BACKGROUND OF THE INVENTION

1. Field of the Invention

The present invention relates to a high accuracy blast processing method for conducting perforation, cutting, patterning to a substrate mainly consisting of hard, fragile material such as silicon, glass or ceramic and a high accuracy blast processing apparatus used therefor.

2. Description of the Prior Art

As means for performing various processings including perforating and cutting to a substrate consisting of a hard, fragile material such as silicon, glass or ceramic and forming a fine pattern thereon, a sand blasting method capable of conducting a dry fine processing has been widely used. This processing method is to continuously inject a microscopic projection material, such as alumina or SiC, onto a processing target surface from a nozzle by compressed air for a predetermined time to thereby blast the processing target surface.

Assume that many transparent holes are formed in a substrate at predetermined intervals by the above-stated blast processing method. To prevent non-processing target regions from being damaged, when one hole is perforated by the continuous injection of an injection material which is moving in a nozzle, the injection is temporarily stopped and the nozzle is moved to the next perforating target position. Then, an injection material is injected again and the perforating processing is conducted. In this case, however, the injection material remains in a hose forcedly feeding the injection material to the nozzle due to the stop of the injection, and the residual injection material is injected together with the following injection material at the time of the next perforating processing. As a result, the injection material larger in quantity than that in a stationary injection state is injected, disadvantageously deteriorating processing accuracy.

Further, if perforating is conducted to form holes each having a predetermined depth by continuously injecting an injection material, it is difficult to discharge the injection material from the holes which are not perforated yet in the middle of the processing. As a result, the injection material remains in the holes and prevent the holes from being further processed, disadvantageously, greatly decreasing processing speed and requiring a long time to complete the processing. Besides, a part of the injection material is splashed over and collided on the peripheries of the holes to be processed. Due to this, if it takes a long time to form one hole, a non-processing target region around the hole is disadvantageously roughened and damaged.

As means for preventing the collision of the injection material on such a non-processing target regions, there are proposed methods for masking the non-processing target region and selectively blasting unmasked portions. For example, a method using a photoresist as a mask enables carrying out the highest accuracy processing. However, it is necessary to use a mask in the steps of pattern transfer, development and drying using a photographic plate as well as the step of peeling off and wash the mask after the processing. The steps become disadvantageously complicated to thereby push up cost. Besides, it is necessary to conduct a waste liquid treatment. For these reasons, this method cannot be easily adopted.

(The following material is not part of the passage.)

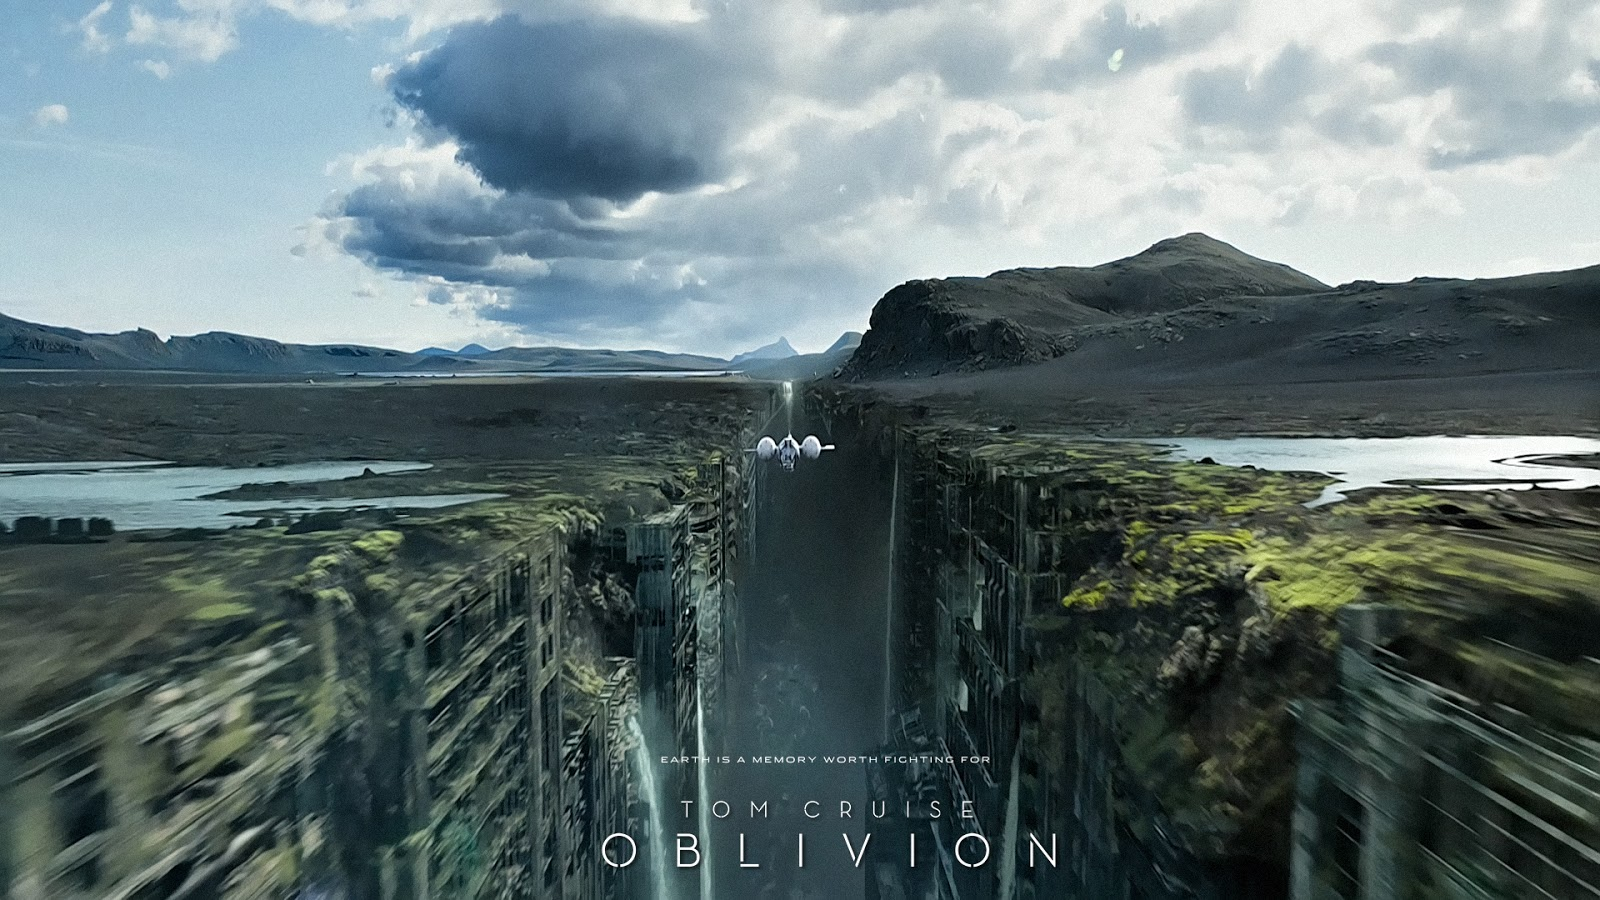 Dead Rising 3 Wallpaper Hd Movie Review Oblivion 2013 Nerdspan

It is, therefore, an object of the present invention to provide a high accuracy blast processing method and a high accuracy blast processing apparatus capable of solving the above-stated conventional disadvantages and accurately processing a substrate without deteriorating processing efficiency even if the processing progresses. It is another object of the present invention to provide a high accuracy blast processing method and a high accuracy blast processing apparatus capable of accurately processing a substrate without damaging a non-processing target region even if a mask is completely not used.

SUMMARY OF THE INVENTION

In a high accuracy blast processing method according to the present invention which is a high accuracy blast processing method for processing a substrate by injecting an injection material from a nozzle by compressed air, injection of the injection material is intermittent injection for repeating injection and injection stop at short intervals. Thus, in a perforating processing, when the processing progresses to a certain degree, the injection material is discharged without remaining in a bottomed hole, making it possible to prevent processing efficiency from being deteriorated and to complete the processing in far shorter time than that in the conventional method. In addition, it is possible to prevent the splashed injection material from being collided on the injection material which has been injected and to thereby prevent the peripheral portion of the hole from being damaged by the spattering and collision of the injection material. According to the high accuracy blast processing method of the present invention, therefore, it is possible to carry out a fine processing without deteriorating processing efficiency even if the processing progresses and without damaging a non-processing target region even if a complete mask is not used.

According to the preferred embodiment of the present invention, the high accuracy blast processing method in which the injection of the injection material is intermittent injection for repeating injection and injection stop at short intervals, is conducted by combining the intermittent injection with continuous injection. By doing so, it is possible to obtain a greater advantage than that in case of conducting only the intermittent injection. In addition, it is preferable that the injection and the injection stop of the intermittent injection are repeated at intervals of not more than 1 second. It is noted that it is the most preferable for processing a substrate consisting of a hard, fragile material such as silicon, glass or ceramic that the substrate is processed by injecting the injection material having a mean particle diameter of not more than 50 μm and an injection quantity of not more than 50 g/min from the nozzle having an inside diameter of 0.2 to 2 mm by the compressed air of 0.2 to 2.5 MPa.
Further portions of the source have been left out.